TRY IT — Wherever a picture appears in the listing, leave it out, and copy the rest exactly.

DATASET CONTENT —
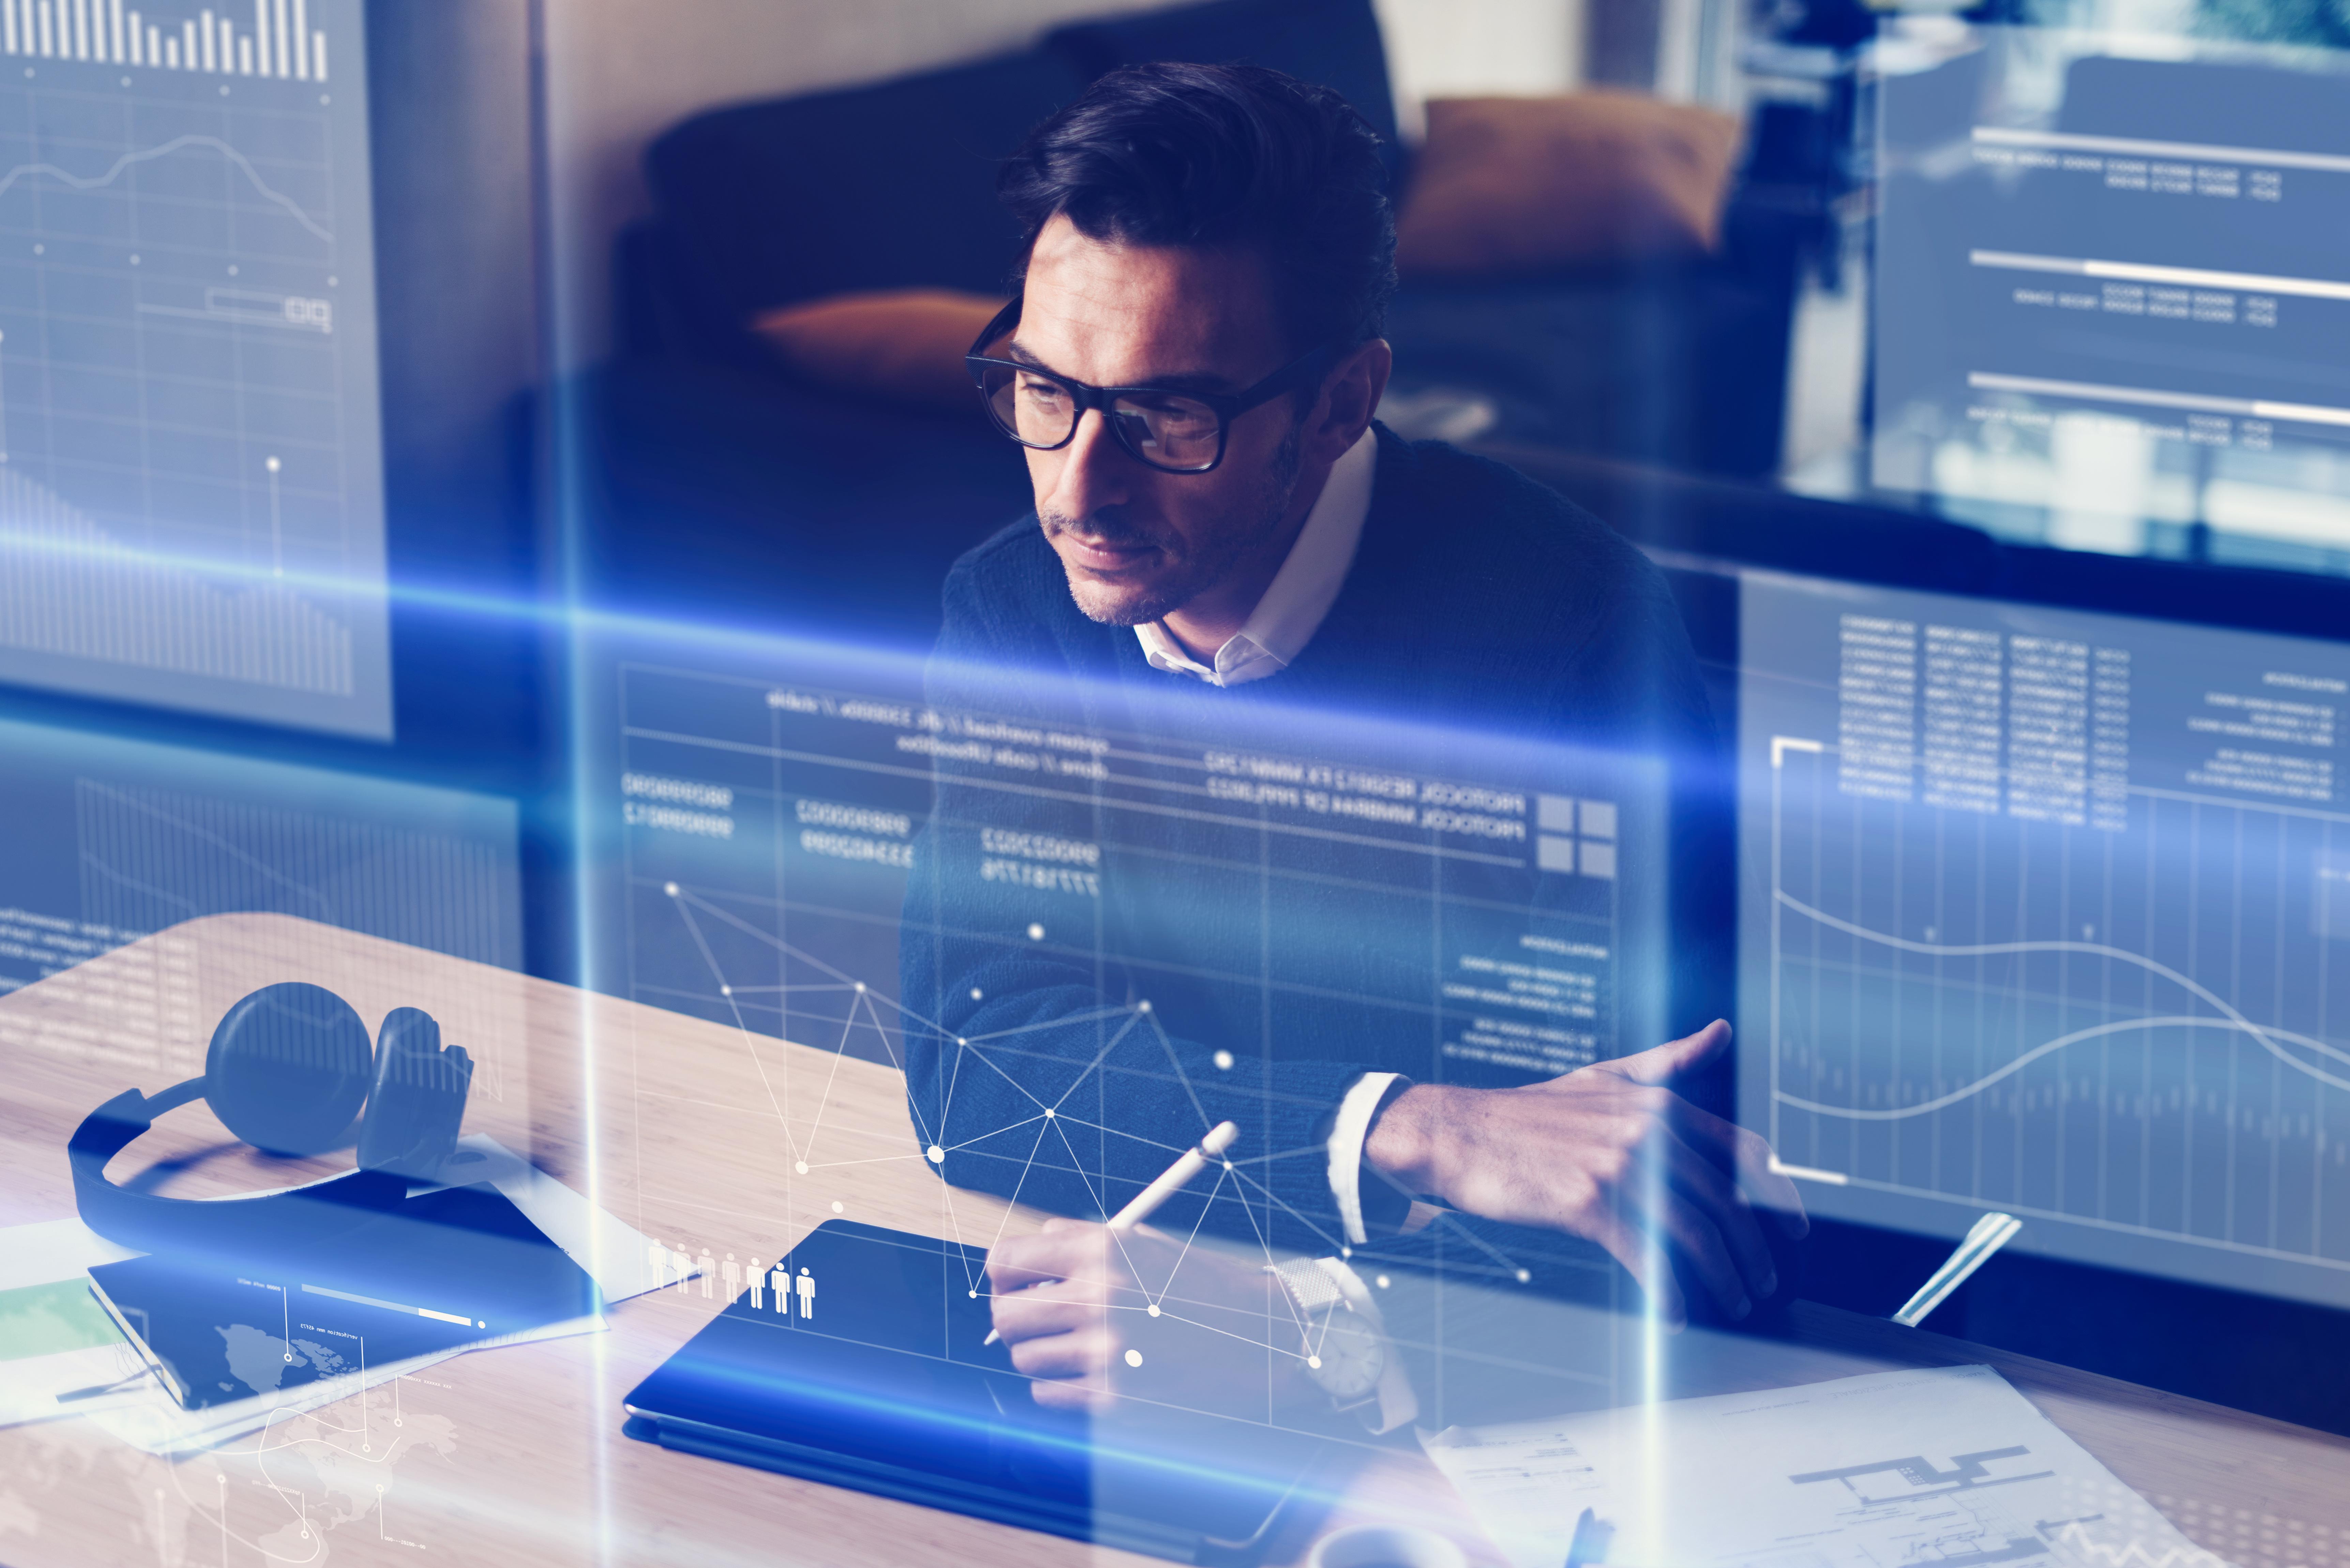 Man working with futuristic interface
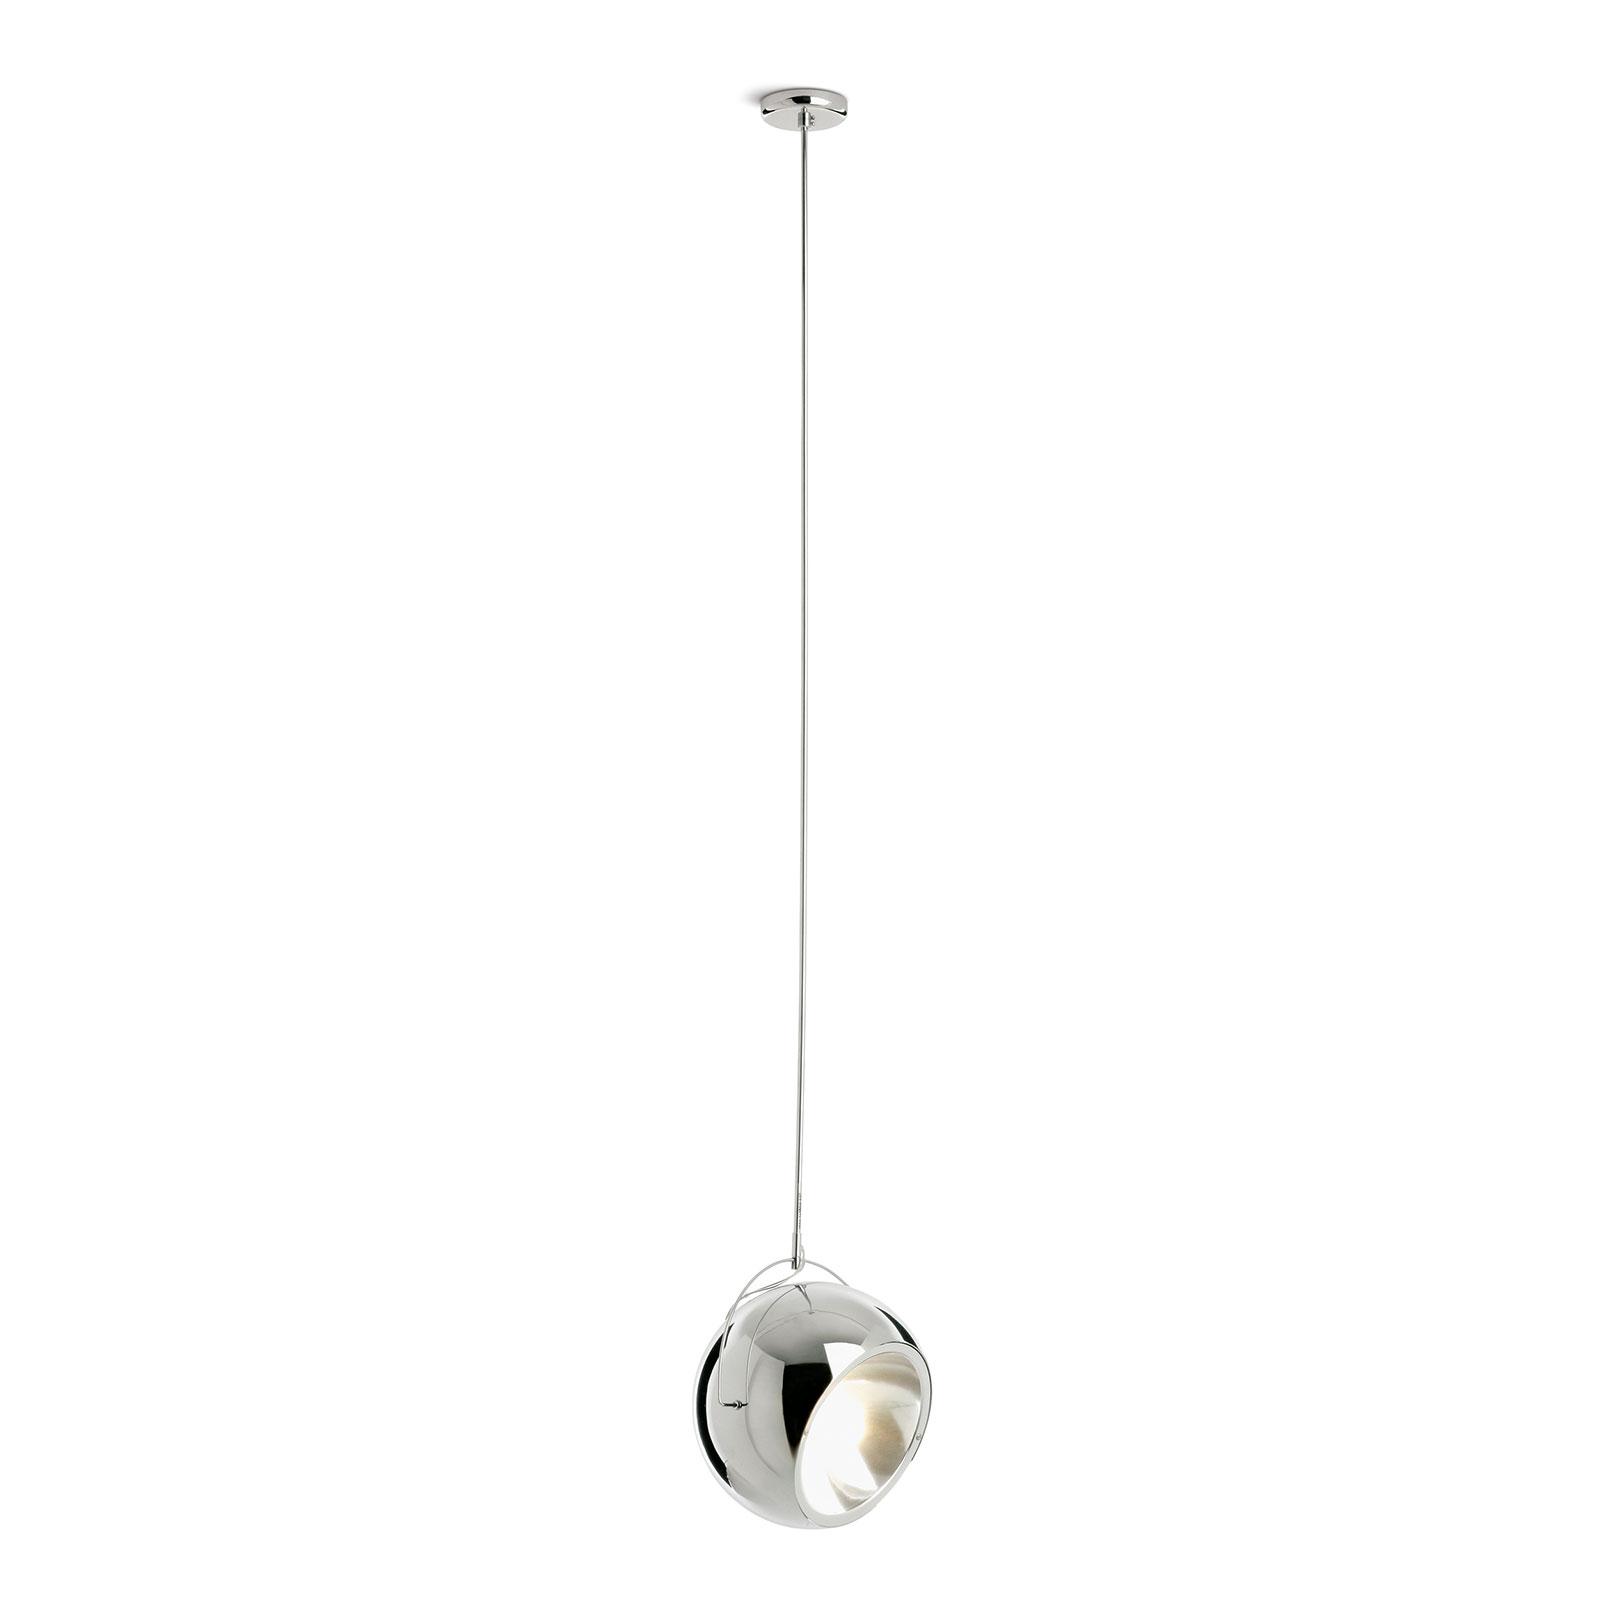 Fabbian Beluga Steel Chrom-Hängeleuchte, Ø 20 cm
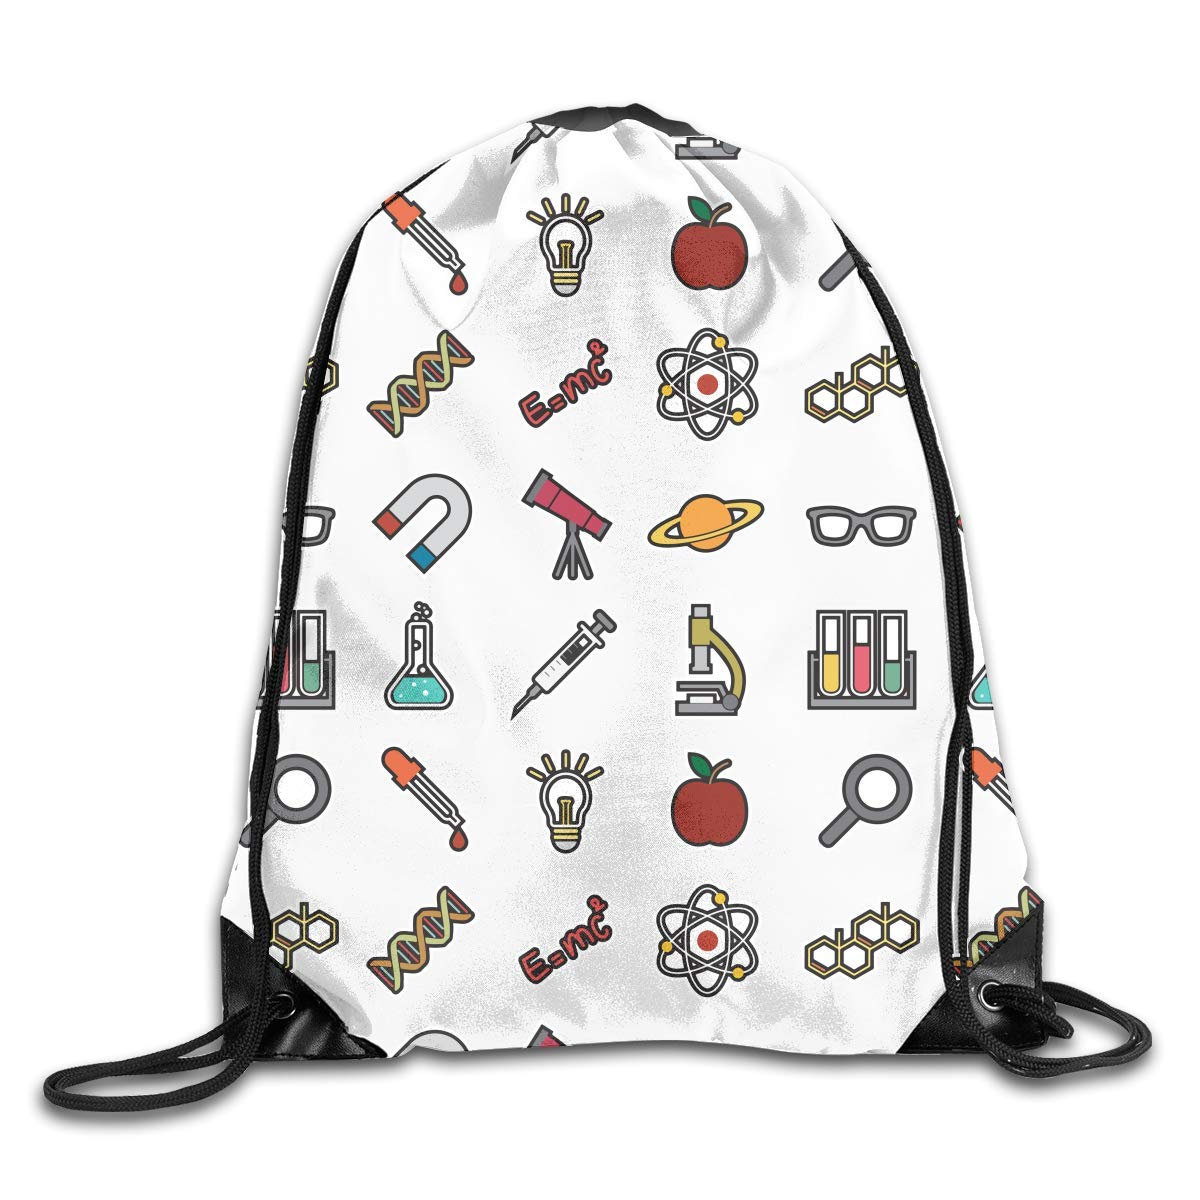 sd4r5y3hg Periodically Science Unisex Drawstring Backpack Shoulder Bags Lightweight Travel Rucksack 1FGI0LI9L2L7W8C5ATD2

RESPONSE —
 Man working with futuristic interface
 Fabbian Beluga Steel Chrom-Hängeleuchte, Ø 20 cm
 sd4r5y3hg Periodically Science Unisex Drawstring Backpack Shoulder Bags Lightweight Travel Rucksack 1FGI0LI9L2L7W8C5ATD2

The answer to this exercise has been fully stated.